Language-sharing groups showcase multilingual Canada
Not even the relentless throb of a hip-hop beat can drown out the sounds of a typical Tuesday night upstairs at Toronto's Rivoli nightclub.
The top floor of the bustling bar echoes each week with the staccato clack of German consonants, the melodic lilt of Japanese vowels and persistent peals of laughter as more than a hundred aspiring language students struggle to master their new tongues.
The students — from all walks of life and ranging in age from early 20s to late 70s — are members of Toronto Babel, an informal language exchange program that has been giving the city's international community a chance to speak in new and native tongues alike for the past three years.
The din of different languages is loudest in Toronto, where 1.8 million people reported speaking an immigrant language at home, according to fresh 2011 census numbers released Wednesday. Vancouver ranked a distant second with 711,515 people reporting an at-home preference for a language other than English or French, Statistics Canada reported.
Cantonese and Punjabi ranked highest on the list of languages in Toronto, along with other Chinese languages, Urdu, Tamil and Tagalog, which originates in the Philippines.
Opportunity to practise
For Kevin Harrington, the laid-back pub setting allows him to instruct a younger generation in the six languages he's acquired over his 77 years. Regulars know him as a first point of contact for any newcomers wishing to learn Italian, Spanish, German, Russian, Portuguese or Japanese.
"Mostly, I'm helping give conversational exercises for those who want to learn it," Harrington says. "But secondly, I'm also practising any number of languages, according to who's at the table or who's in the crowd."
At the front of the room, two organizers work quietly to turn an ordinary night on the town into a productive language exchange. They note who has arrived, the languages they speak and the ones they hope to learn. The organizers then spend much of their evening directing traffic to make sure that eager students are paired off with the appropriate teachers.
Honing conversational skills
When Lee Pen first walked into Babel a few months ago, it took the organizers about 30 seconds to pair him off with a Spanish speaker to help him hone his conversational skills.
The 40-year-old astronomer has reciprocated in kind by helping students of his two primary languages, German and Mandarin.
Pen says he views his visits to Babel as the perfect way to supplement his Spanish classes, which focus heavily on classroom formalities while neglecting the more practical side of learning a language.
"In class you learn more on paper — the theory, grammar and vocabulary — but you're not going to have a chance to say anything, really."
The laid-back bar setting allows people to practice their fledgling skills in a more natural environment and make friends in the process, Pen says.
The social aspect has also been a key draw for Eduardo Costa, a founding member who recently assumed co-leadership of the group. Costa, 39, was recruited to the group in its earliest days after advertising online to find an English conversation partner.
Filling a void
The initial group of a dozen people quickly began to grow, and Costa found the people he met there began to fill the void left by the friends and relatives he left behind in his home country of Brazil.
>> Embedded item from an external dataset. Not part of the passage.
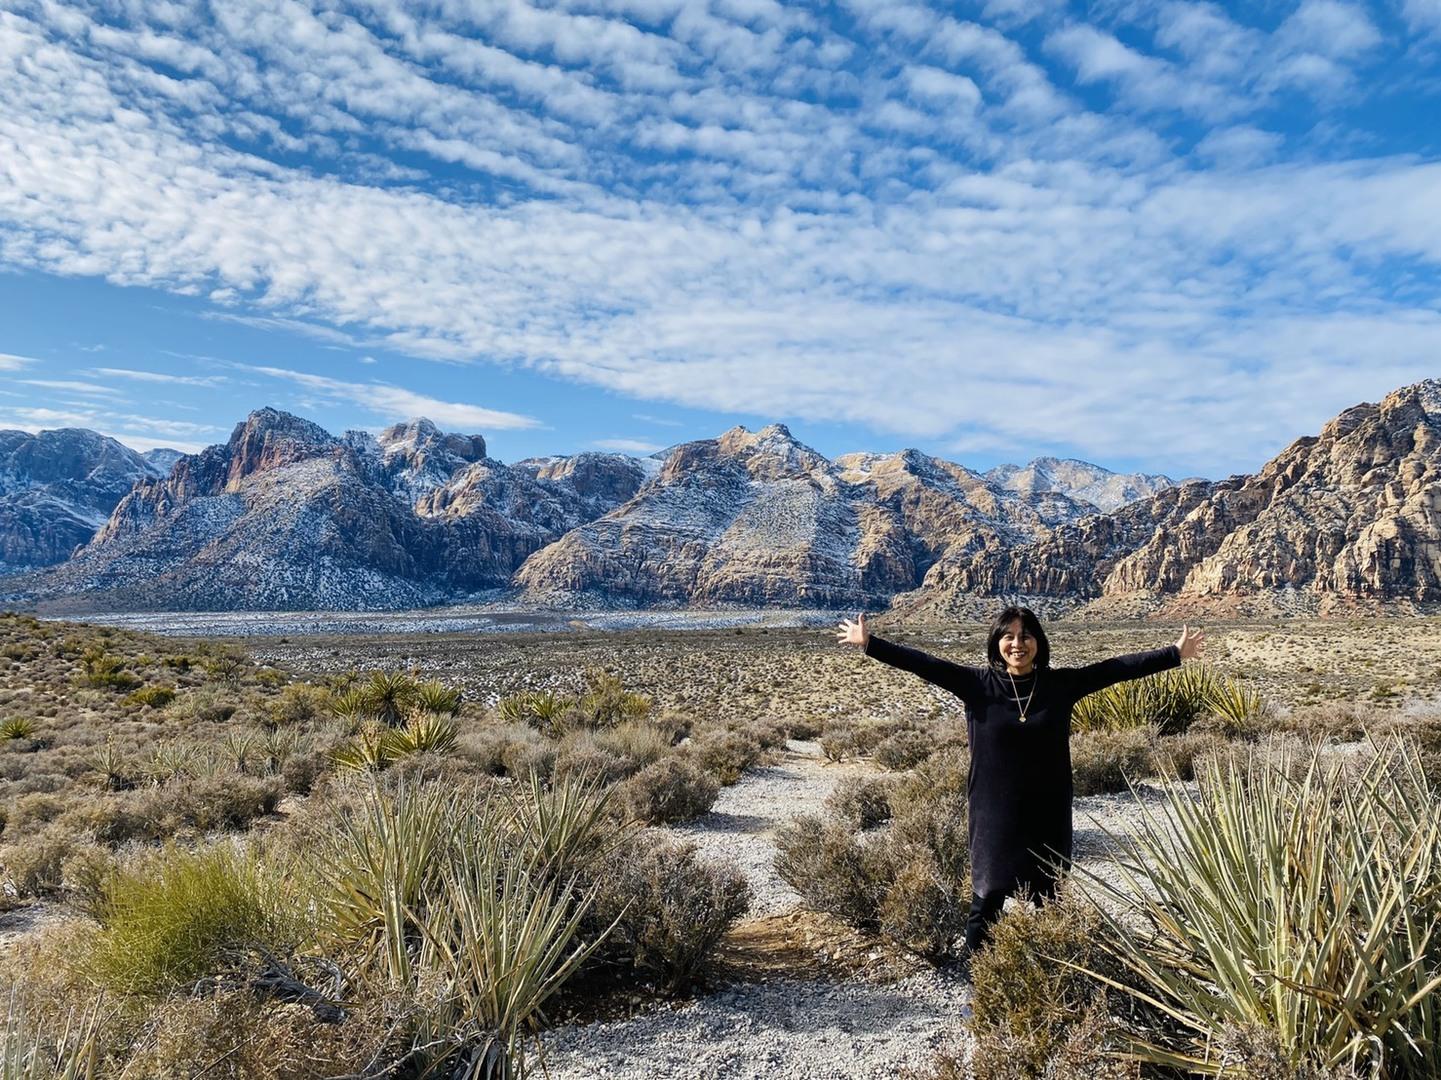 Vegasのホテルから約30分で…大自然が満喫出来て、とても良いツアーでした。 ガイドの山本さん…評判通り👍中華のグレード…もう少しアップなら⭐️5つかな⁉️
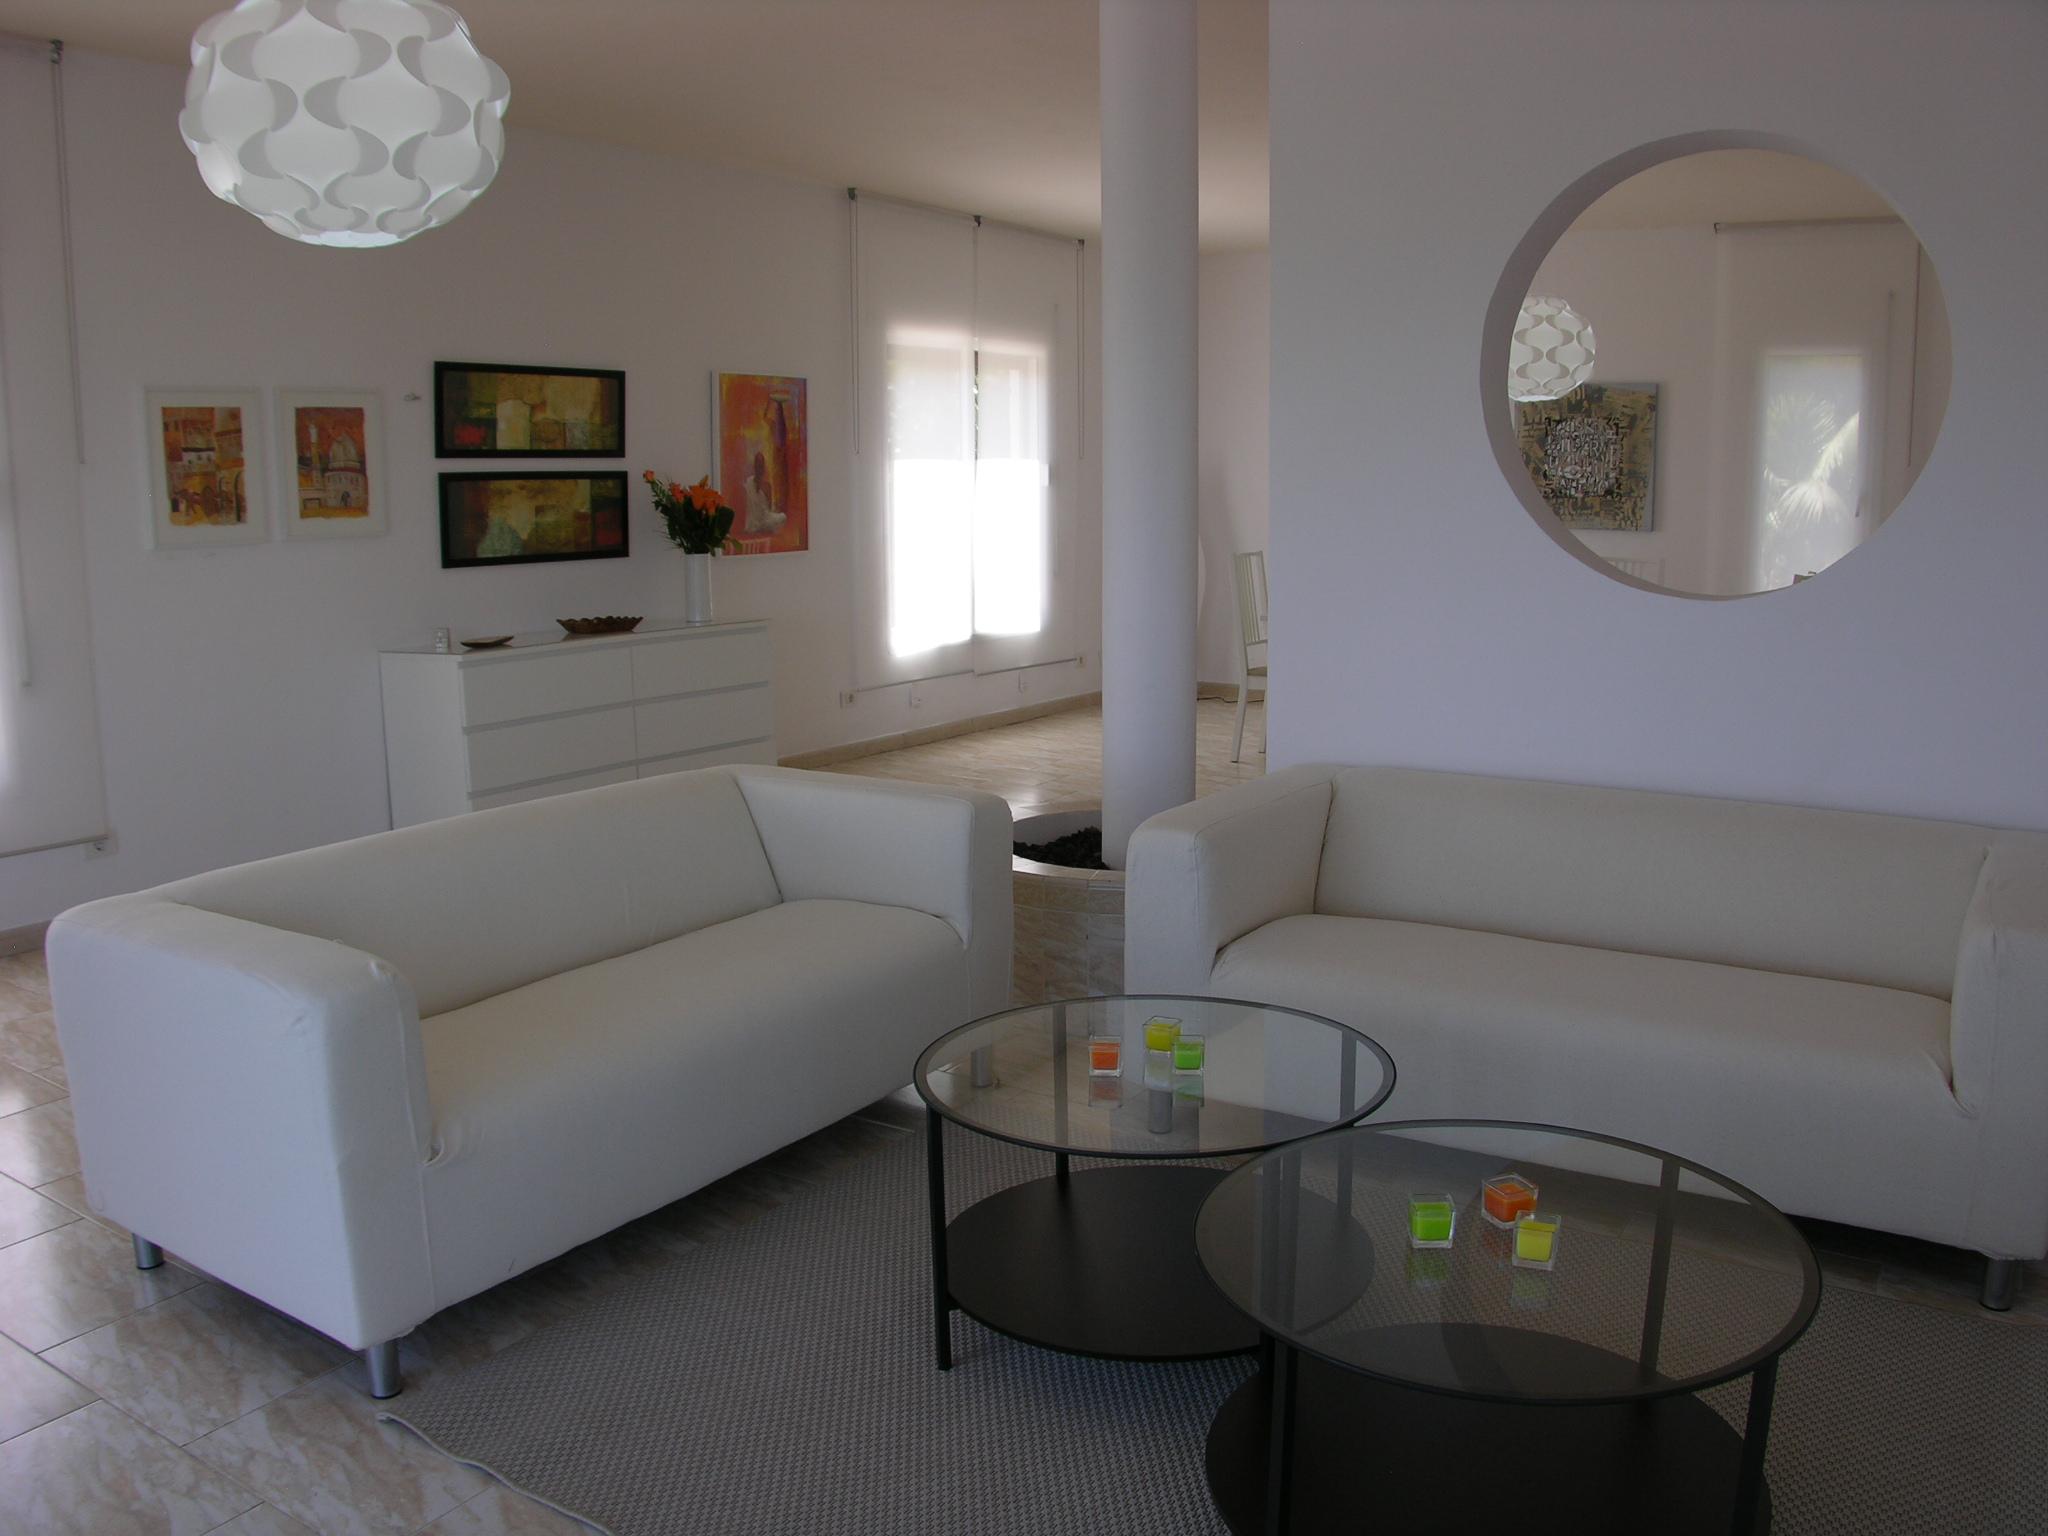 Maison de vacances Villa Vista La Quinta beheizbarer Pool kostenloses WLAN Grill (2124407), Santa Ursula, Ténérife, Iles Canaries, Espagne, image 44

"When you immigrate, you lose your family, your friends are still there," he says. "This group became my first new family in Canada."
Today, Costa runs the group alongside Anna Shalaginova, a native Russian speaker who has refined her French skills over weekly drinks with Babel members.
She's watched the group more than double in size over the past year and a half, a phenomenon she chalks up to Canada's multicultural makeup.
Smaller Babel groups have sprung up in Ottawa and Kitchener, Ont., she said, adding the country's ethnic and linguistic diversity makes it an ideal home for similar language exchanges from coast to coast.
"Some people come to Canada for a few months, some people end up staying, and there's people who have lived here for their entire lives," she says. "They all like it."